Once you cross through that portal from waking to dreaming, you remember nothing of the other side. When you are dreaming, you have little to no idea about your real life, except that it is probably not as happy and empowered as the dream world. When you are awake, at the same time, you remember nothing of your healing dreams. The motto is: What happens in your dreams stays in your dreams. That's how this works.

I was shaking like a lost puppy. My face felt as if it were streaked with tears, and my eyes ached from being washed in hot salty tears. I had no idea what my deep grief was all about, and that ripped sense of loss, but I still felt the pain. I felt like the dry heat after a house fire has been put out.

"The past is behind you now," she said comfortingly. We were two females, standing in a confined space with a high ceiling that seemed to taper off into dreams—maybe even into dark space sprinkled with stars.

My only answer was a dry, racking sob. I had run out of tears.

"What are you feeling?" she said. Her name was Fanna, an otherworldly handle on a tall, wraithy female with long ice-blonde hair, a pale lovely face of indeterminate race, but human species, and gentle—that was all I cared about.

She was a few inches taller than me. I am average everything—looks, height, cleverness, you name it. As I have come to accept myself, I lost weight just be feeling good about myself. I have a nice body with good curves in all the right places. I am that woman men only notice when the beautiful, shouty blondes leave the room. My hair (which I could turn to gold or white in my dreams, if I wished, but I choose to be me) is a rich, dark forest brown with hints of amber and glints of sunlight.
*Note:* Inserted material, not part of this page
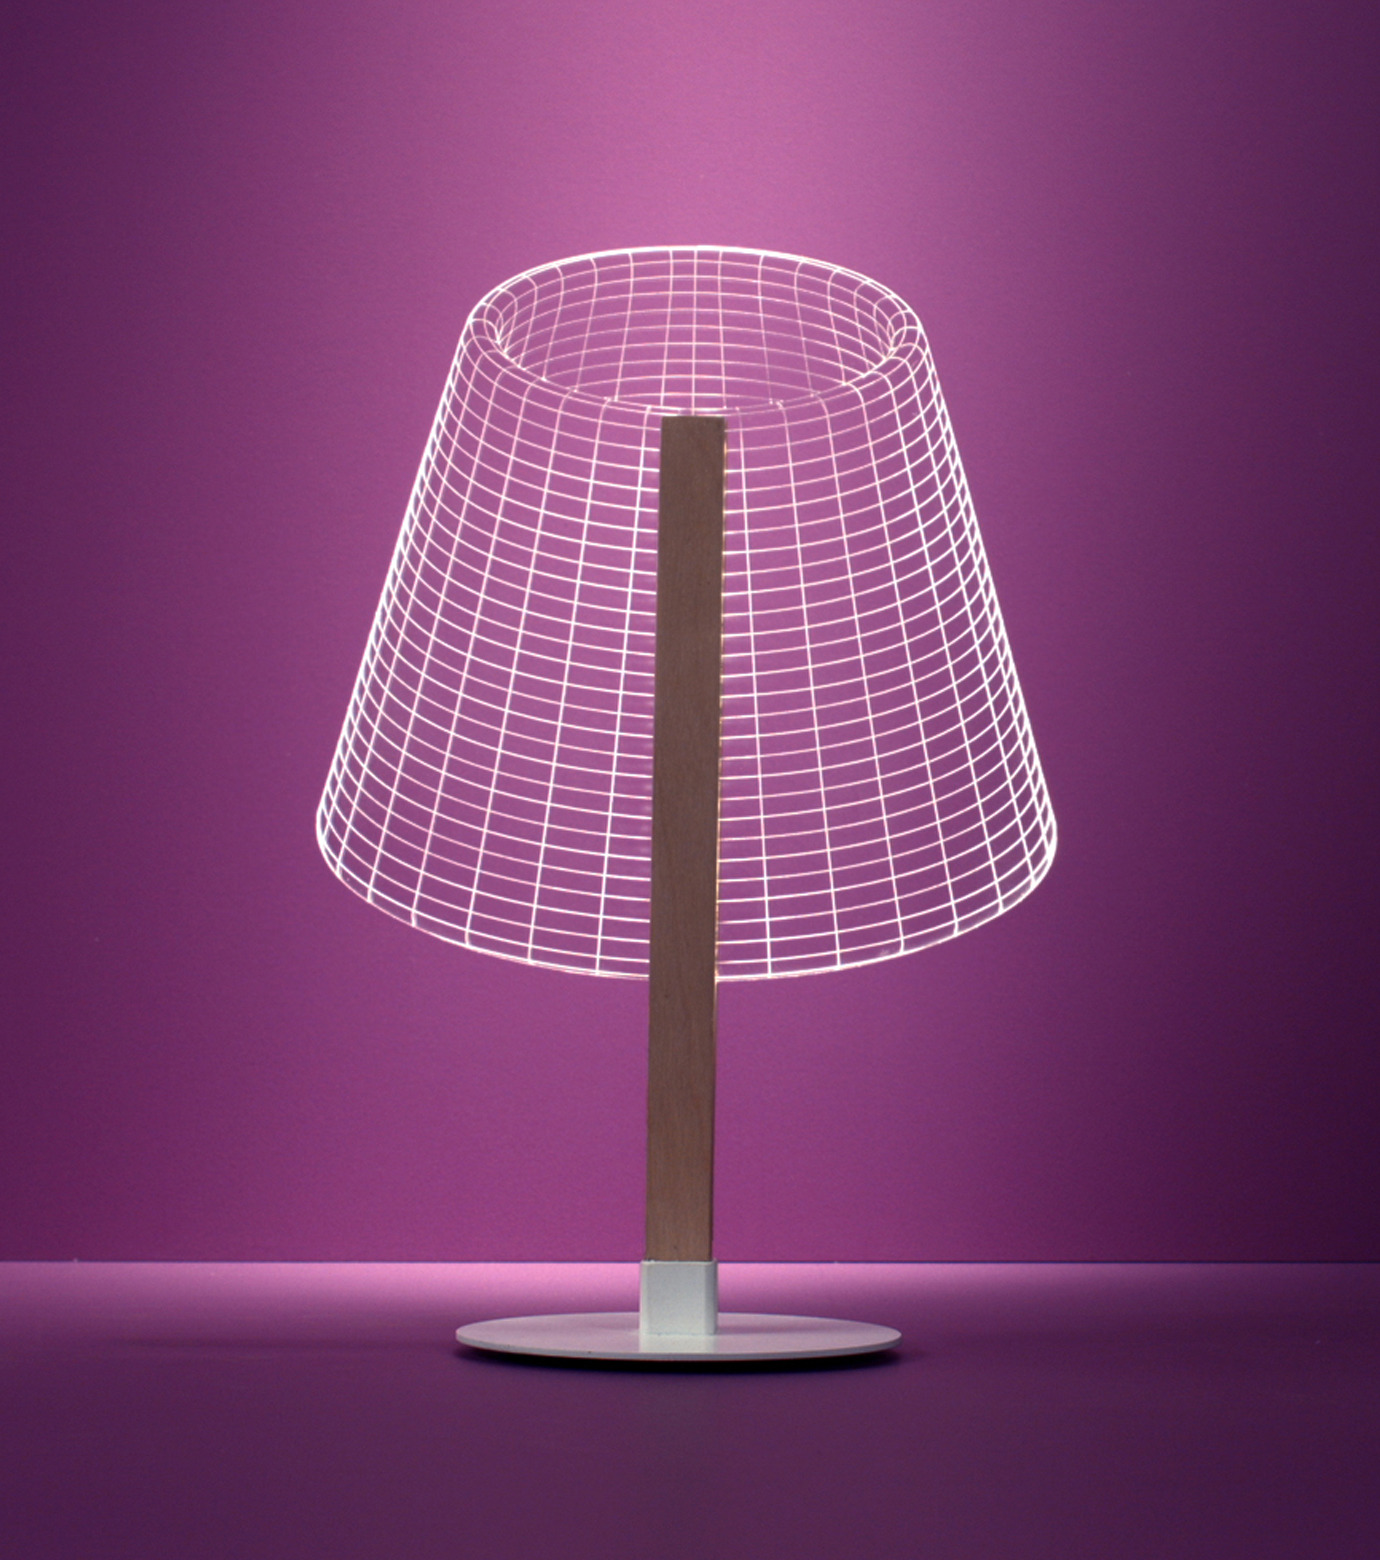 Bulbing(バルビング)のCLASSi-NONE(ライト/light)-480538-0 拡大詳細画像1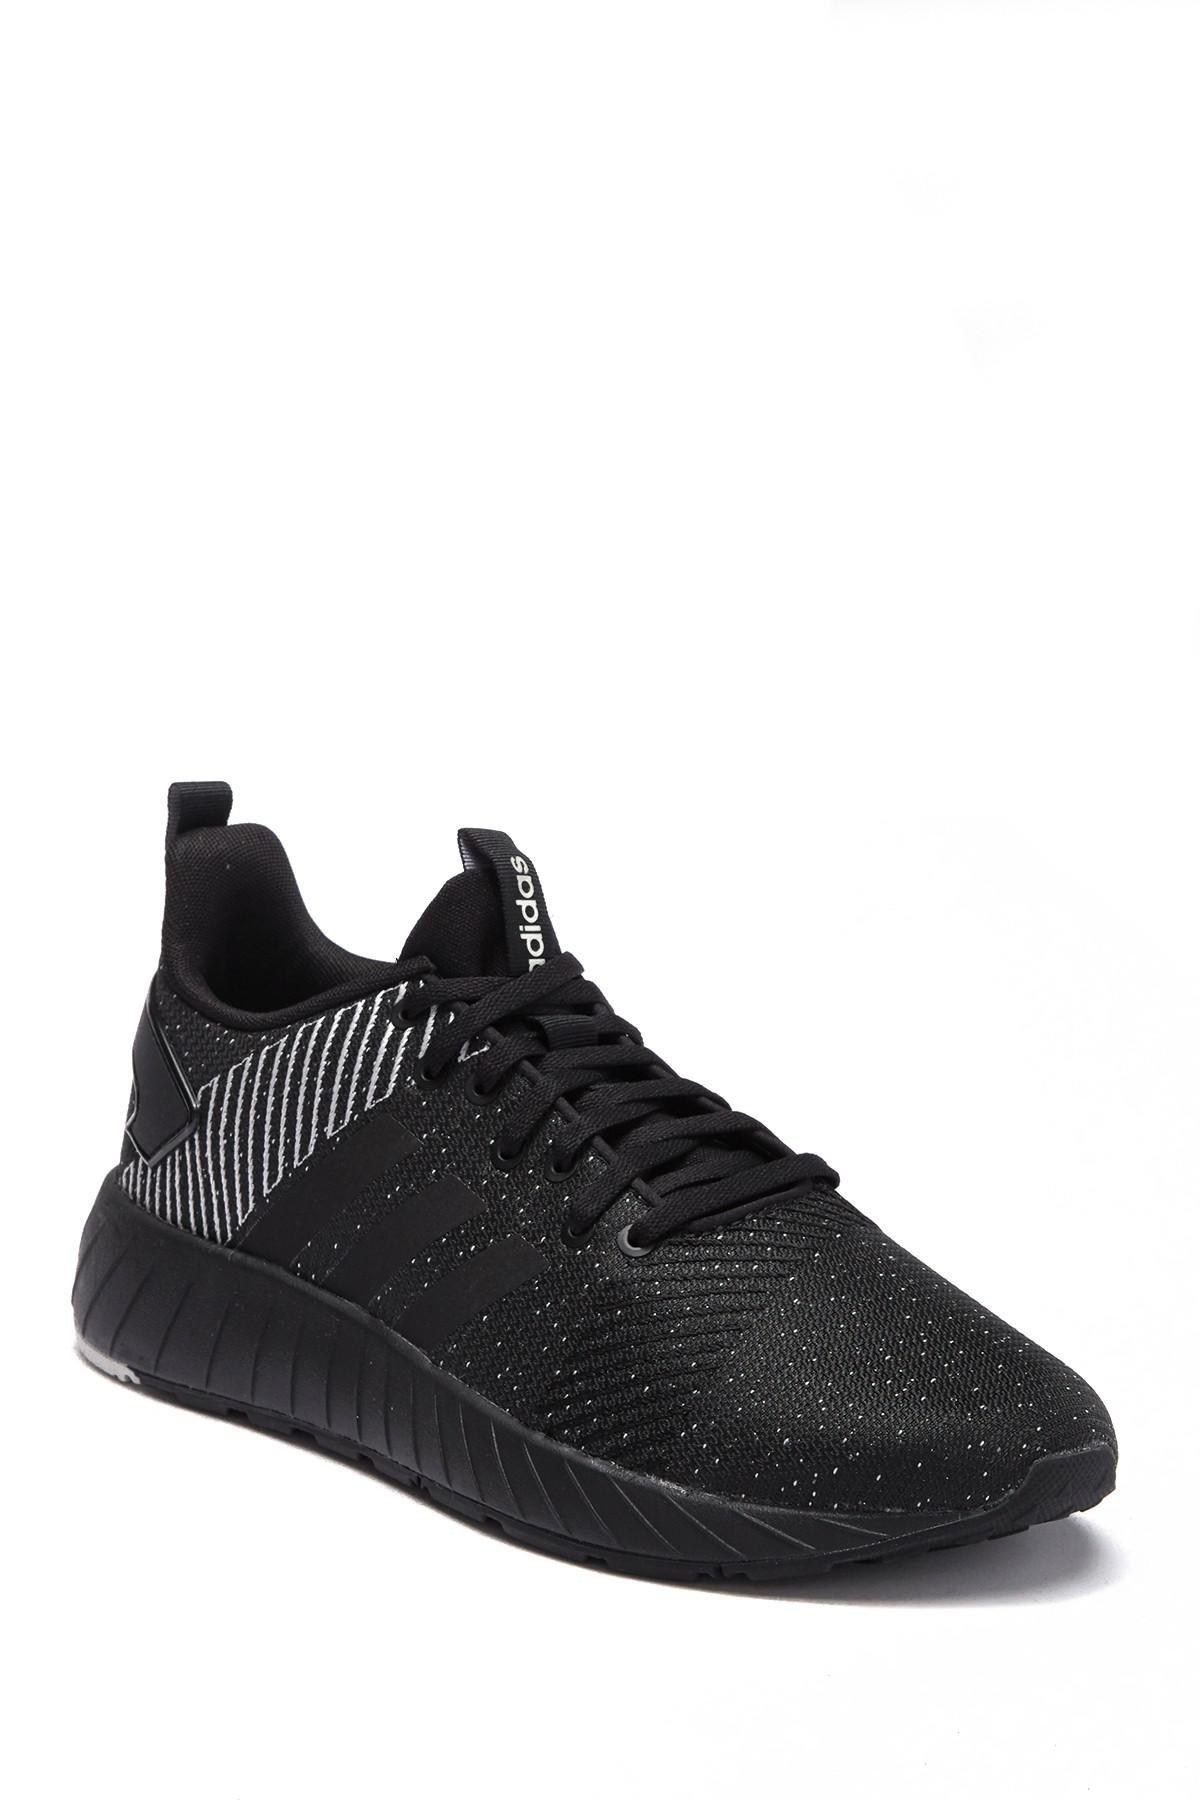 Lyst - adidas Questar Byd Sneaker in Black for Men d109499df

My face is pretty in an understated way, with clean lines and large, happy dark eyes. My mouth is full and laughy (pardon how I make up words; I really don't give a fuck, okay, and here you don't need to). I have a good tongue, and kiss well and long. The men I have kissed always want to come back for more. They want to feel me, running their palms over my thighs, their fingers over my cheeks and forehead as they gaze into my eyes. I also know what dresses I look best in. I prefer to wear loose fitting, dark, richly tailored dresses in cottons or silks, colored anywhere from plum to merlot. It makes me look more alluring and mysterious. I have power in the dream world, even though I am so very average. It's all about attitude.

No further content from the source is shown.